In your contracts, there is probably a paragraph giving you the facility to recover costs if an employee leaves within a set period of time after completing some training. The paragraph must be reasonable and non-discriminatory. For example, you couldn’t require staff to remain for 10 years after a one-day course.
It’s a good idea for the employee to sign an agreement ahead of each training event to reinforce the contract and advise them of the cost of that particular course. You could include travel costs and accommodation but not wages received during training.
It’s a good idea to have a specific paragraph giving you the right to recover the costs from their final salary. When you receive their notice, remind the employee of their commitments and ideally reach an agreement as to how and when you will recover the money.
Avoid the situation where the employee is unaware that their pay is being reduced until they get their final pay and realise a significant chunk has been withheld. The employee may then dash off to get legal advice.
Over the past 12 months, I have seen these deductions being challenged on a range of grounds such as:
• they were an unlawful deduction of pay
• the employee hadn’t agreed to them
• the VAT element shouldn’t have been recovered
• more than one person attended so the cost was not accurate
• the training was free to the employer
• the training was in the employee’s own time
• the deduction meant they didn’t get minimum wage
• the employee hadn’t left, they had been dismissed
• the employee had never signed their contract.
Most of these issues could have been avoided with a discussion prior to the employee leaving.
A recent employment tribunal case arose after an employer deducted training costs without consultation. On appointment, the employee had signed a form agreeing to repay training costs if she left for any reason. After a few months, she texted the owner to say she’d be off for a period of time with work-related stress. The employer replied effectively saying they were treating the text as her resignation with immediate effect.
Training costs for the course were deducted from her final pay without any discussion. She made a claim against the employer. During the hearing, it transpired she hadn’t actually been paid for attending the training. Legally, the employee was entitled to one week’s notice, which she hadn’t received, meaning she’d been wrongfully dismissed. She didn’t have two years’ service so couldn’t claim unfair dismissal.

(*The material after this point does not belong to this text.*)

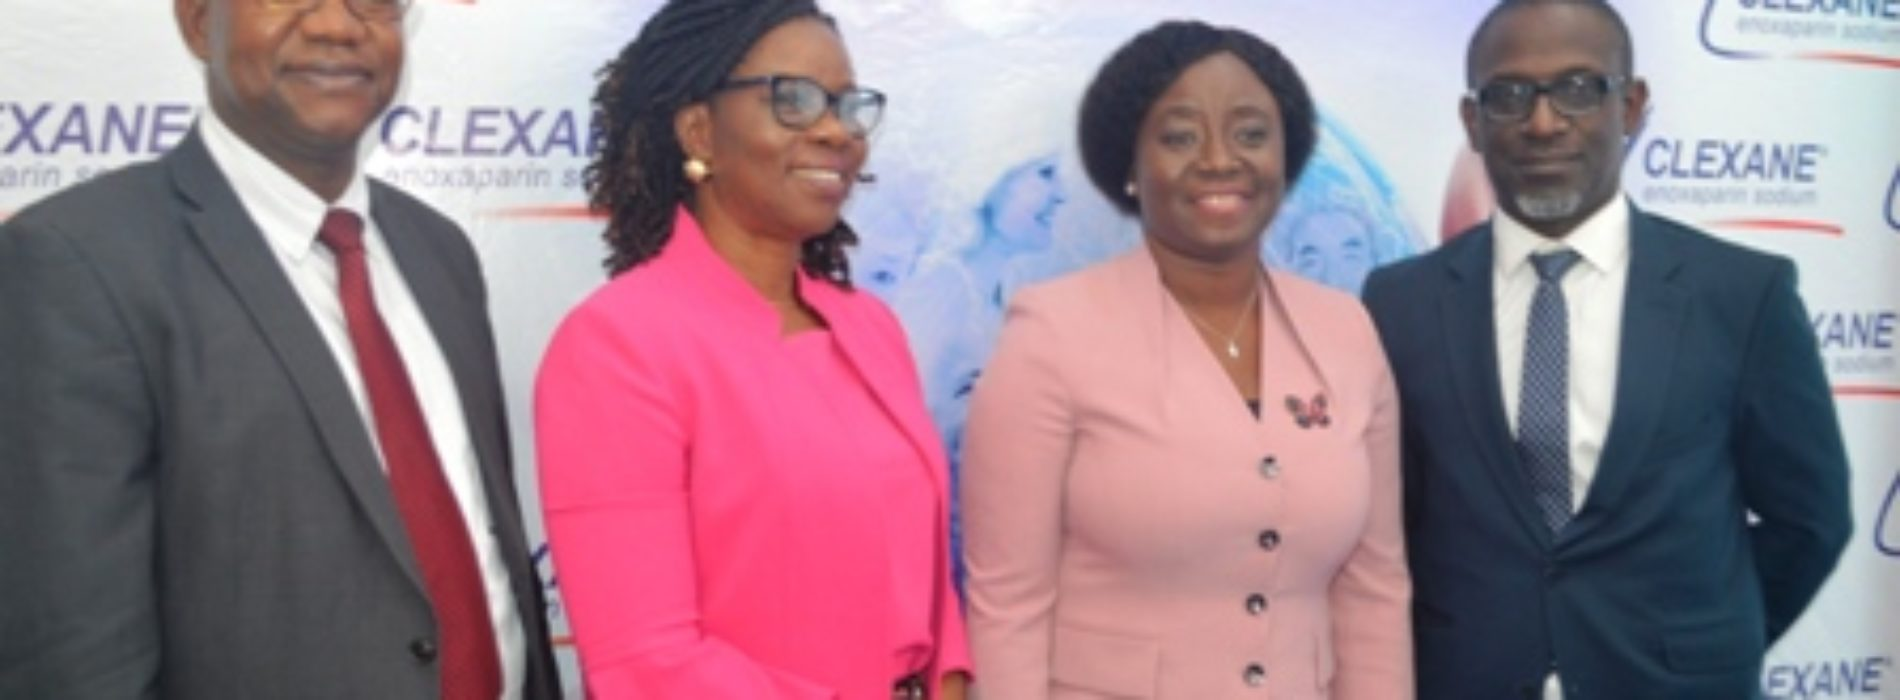 Sanofi steps up campaign against thrombosis

The tribunal concluded that while she had voluntarily signed the agreement, the dismissal without notice breached her contract, meaning the employer wasn’t able to rely on the agreement about training costs. The tribunal also made specific negative comment about the salon’s practice of not paying staff for attending training or requiring them to use holiday.
The minimum wage issue
HMRC has confirmed that employers can make deductions from pay if training was mandatory rather than voluntary, unless they take the employee below national minimum wage. In these cases, employers would have to decide which training was mandatory and which voluntary, and keep a record of whether the employee was given the option to decline.
David Wright is a consultant in all aspects of employment practice and law. He is the main employment law consultant for Habia and provides a personalised support service for UK salons.